Should you become lost while camping or stranded due to an accident or auto failure, someone will be looking for you and you need to know how to help them discover your location. There are so many ways to signal rescuers, most are very simple, but now is the time to plan, just in case.
The sun is your best friend. You can use the sun and any shiny object to send a signal to anyone searching by air. A flash of light can be seen easily up to 10 miles away and under the best conditions, up to 100 miles. Definitely enough to be seen by an airplane or helicopter.
Mirrors can be used as an easy signaling device. Any size mirror will work but obviously the larger the mirror the easier it will be for you to aim the light. Cosmetic mirrors, the side mirror from the car, a mirror on a compass all work well. Anything that has a shiny surface that you can see your reflection in, makes a great mirror to signal. Pop the CD out of the player, if your car still has one, and it will work just as well as any mirror.
It is important to aim your signal correctly or a plane flying can easily miss that small beam of light. You want to “hit” the window in the plane. The best method for achieving this is an aiming stake.
- Select an object, such as a stick or ski pole, even an umbrella, that is ideally about chest or head high. Plant it securely in the ground.

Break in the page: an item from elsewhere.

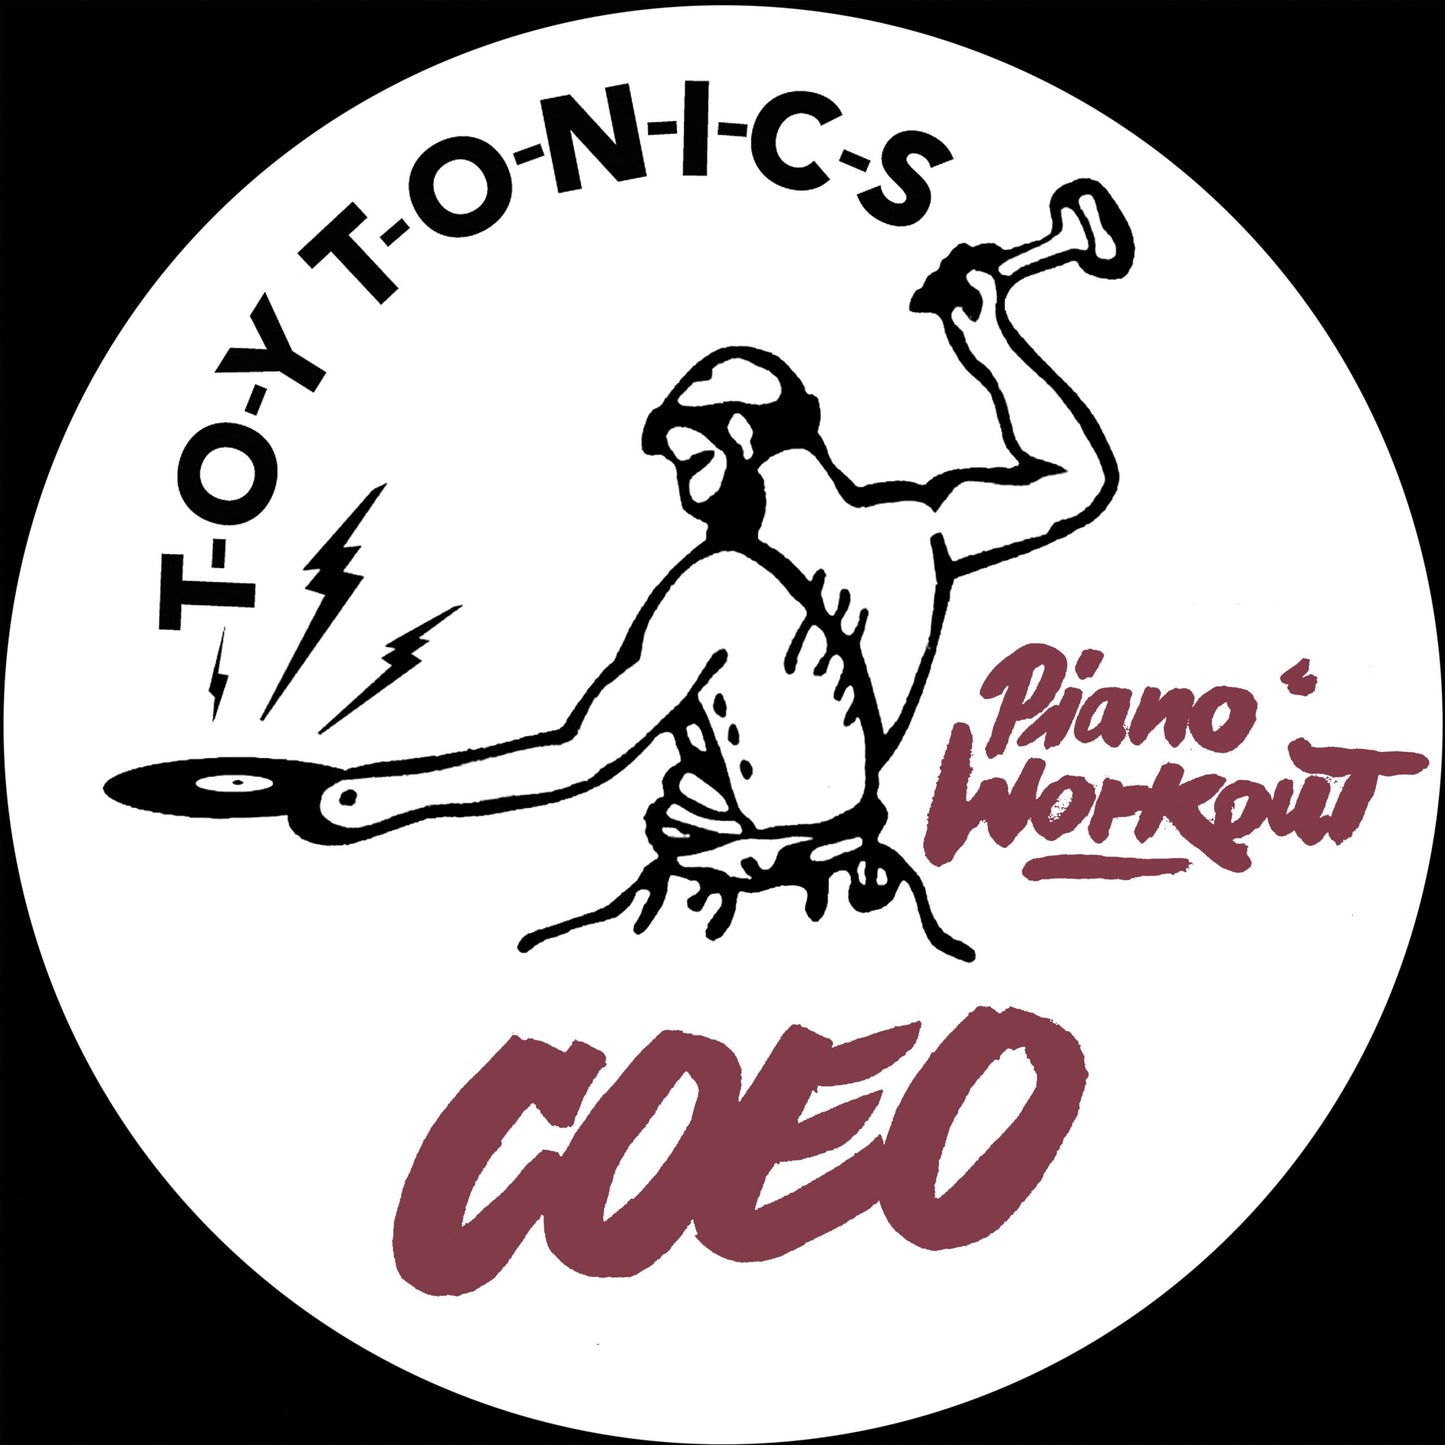 COEO - Piano Workout (12" Vinyl)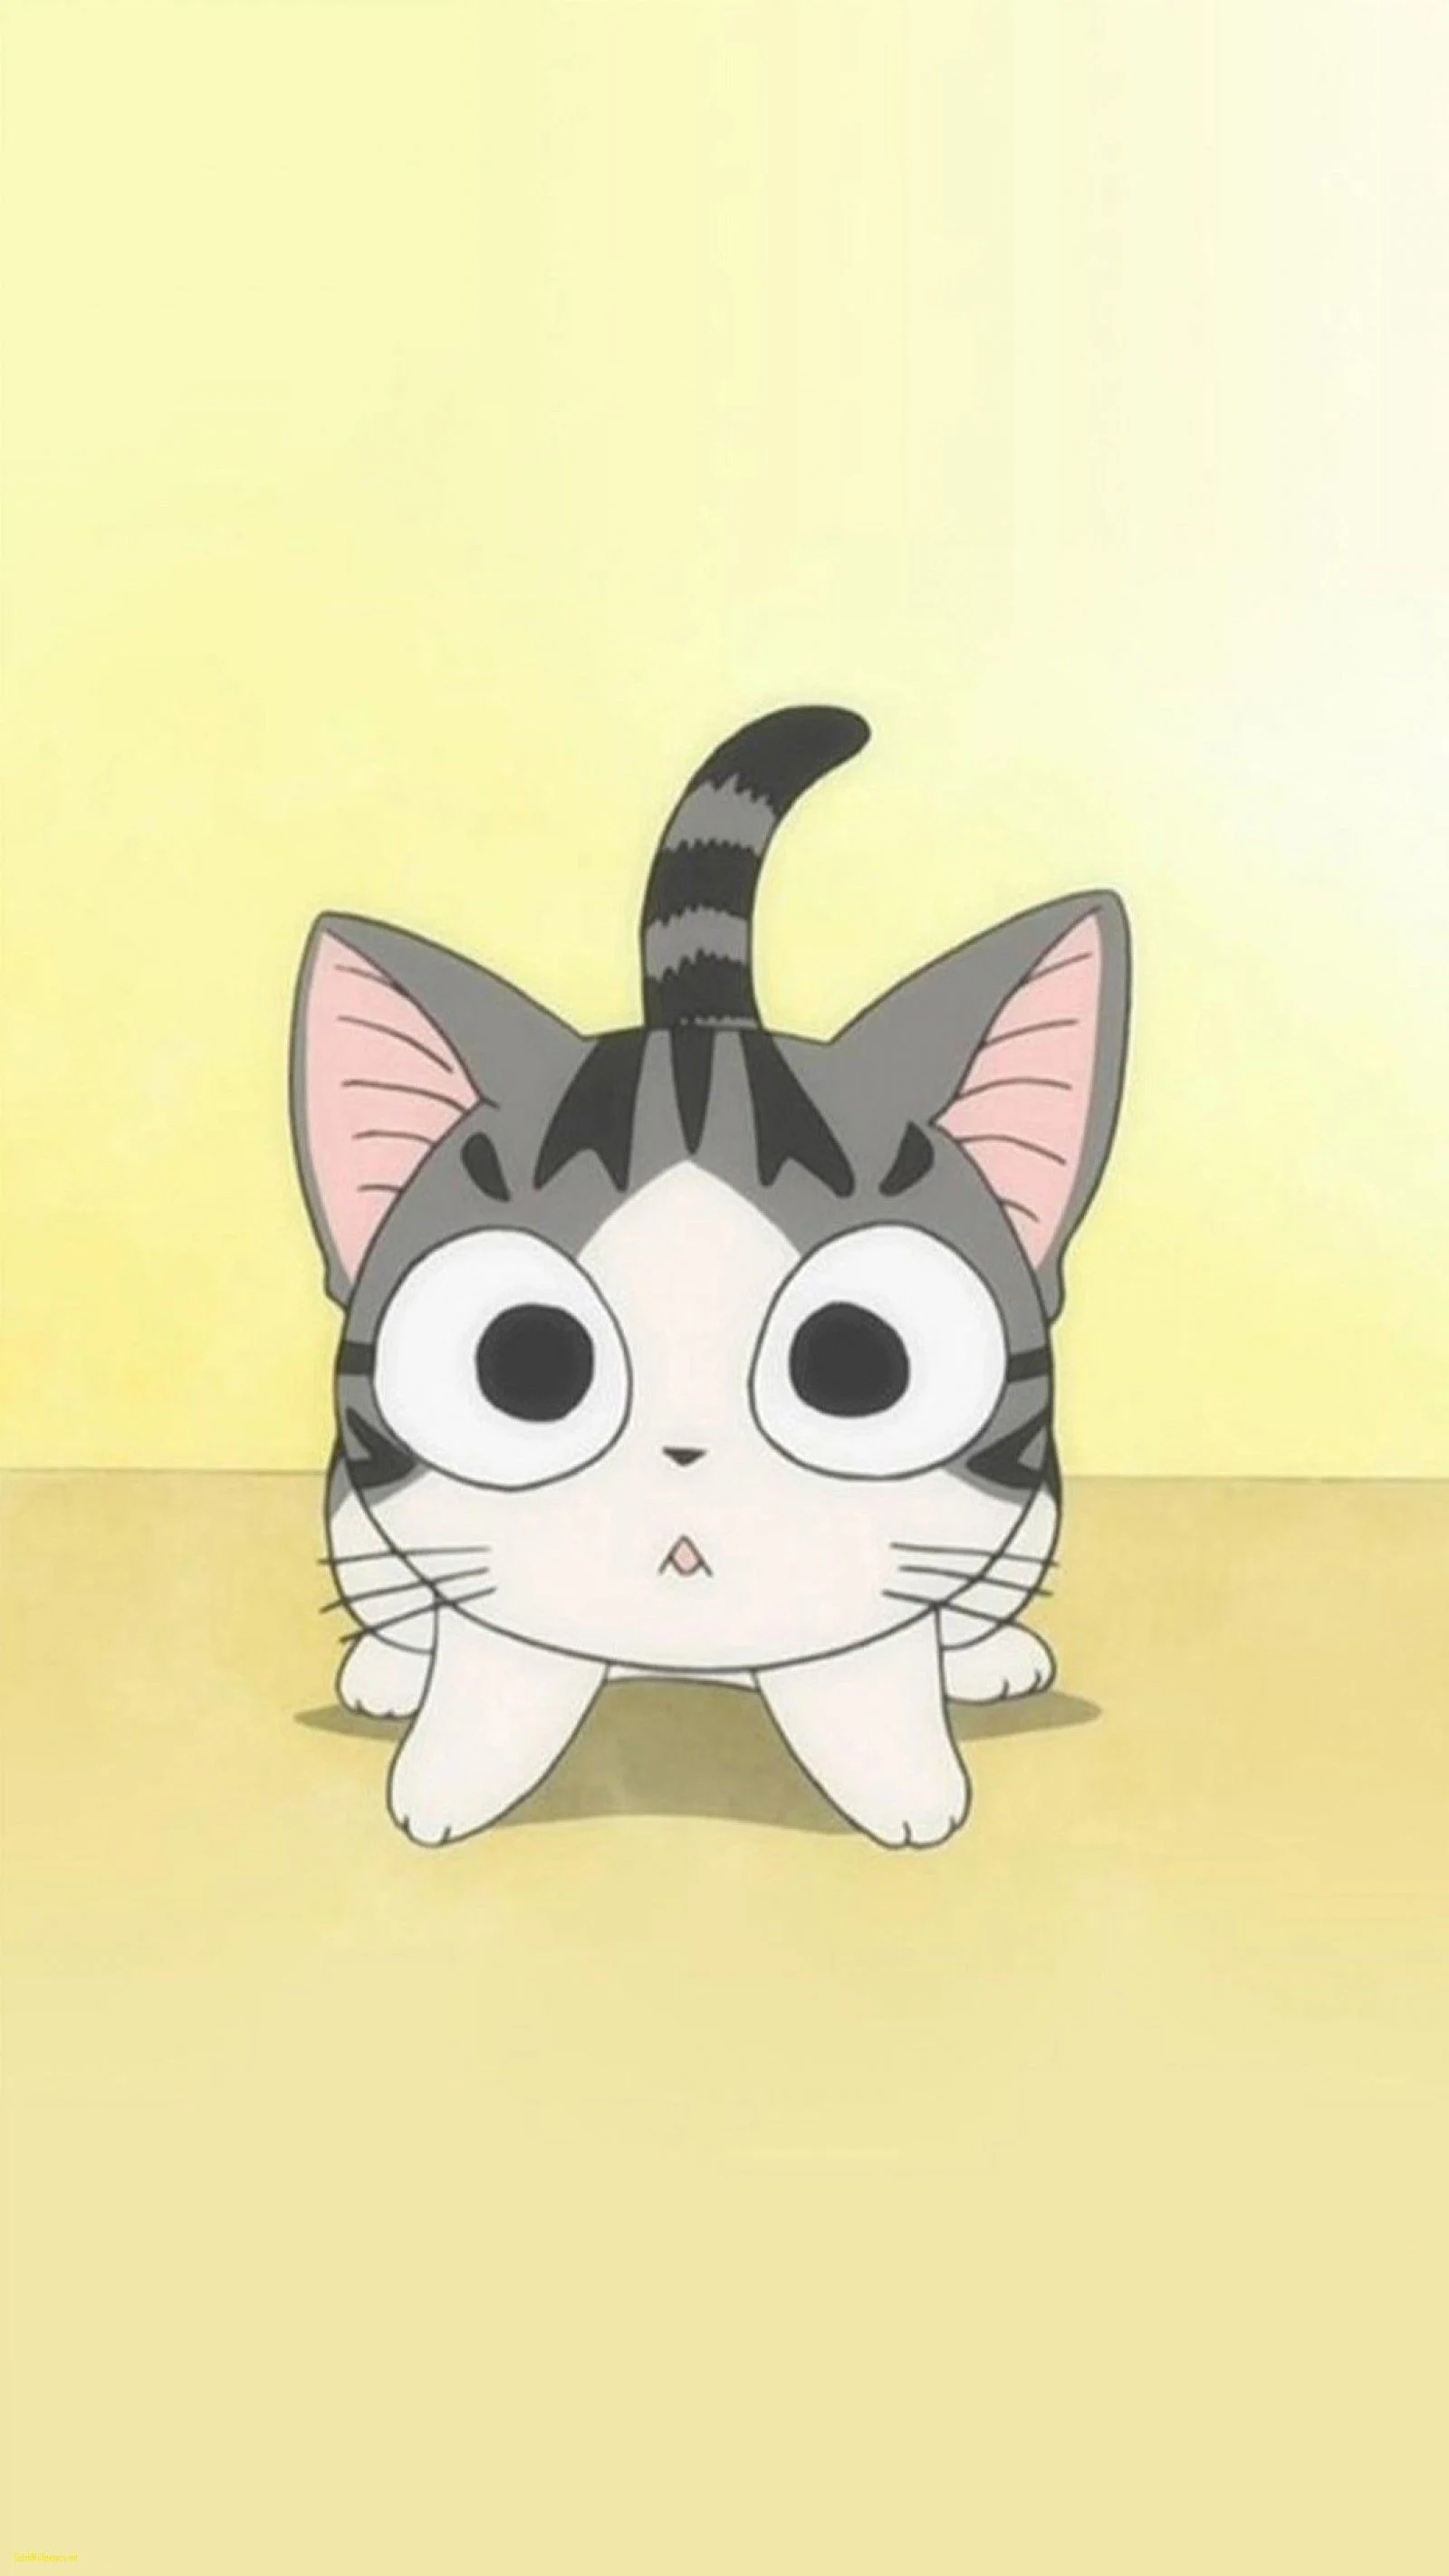 Cute cartoon cat wallpapers download

- Stand so that the object you want to signal is in line with the the top of the stick. Line up your mirror with the top of the stick.
- Move your mirror, or shiny object, so that the reflected light from the sun hits the top of the stick and lines up with the airplane or helicopter.
Once you know you have been seen, signal for another minute or so, while rescuers calculate your location. After that you do not need continue to signal. A flash from your signal mirror can be so bright that it can actually be blinding even that far away.
Now it’s time to practice! Go out and try to signal the top of a tree. Please don’t practice on actual aircraft. This is an important skill to teach children as they can really panic when lost. If they have been taught and practiced how to signal they will be much more likely to remain in place and not wander further into a dangerous situation.
Another way to use the sun to signal is the use of a mylar blanket. Attach one end to a tree or poles and when you hear a rescue plane move the blanket so it catches the rays and reflects them skyward. If you should have to seek shelter attach both ends securely and leave in place while you shelter somewhere safe. During darker hours the search lights from a plane will reflect off the blanket and attract the attention of the rescue team.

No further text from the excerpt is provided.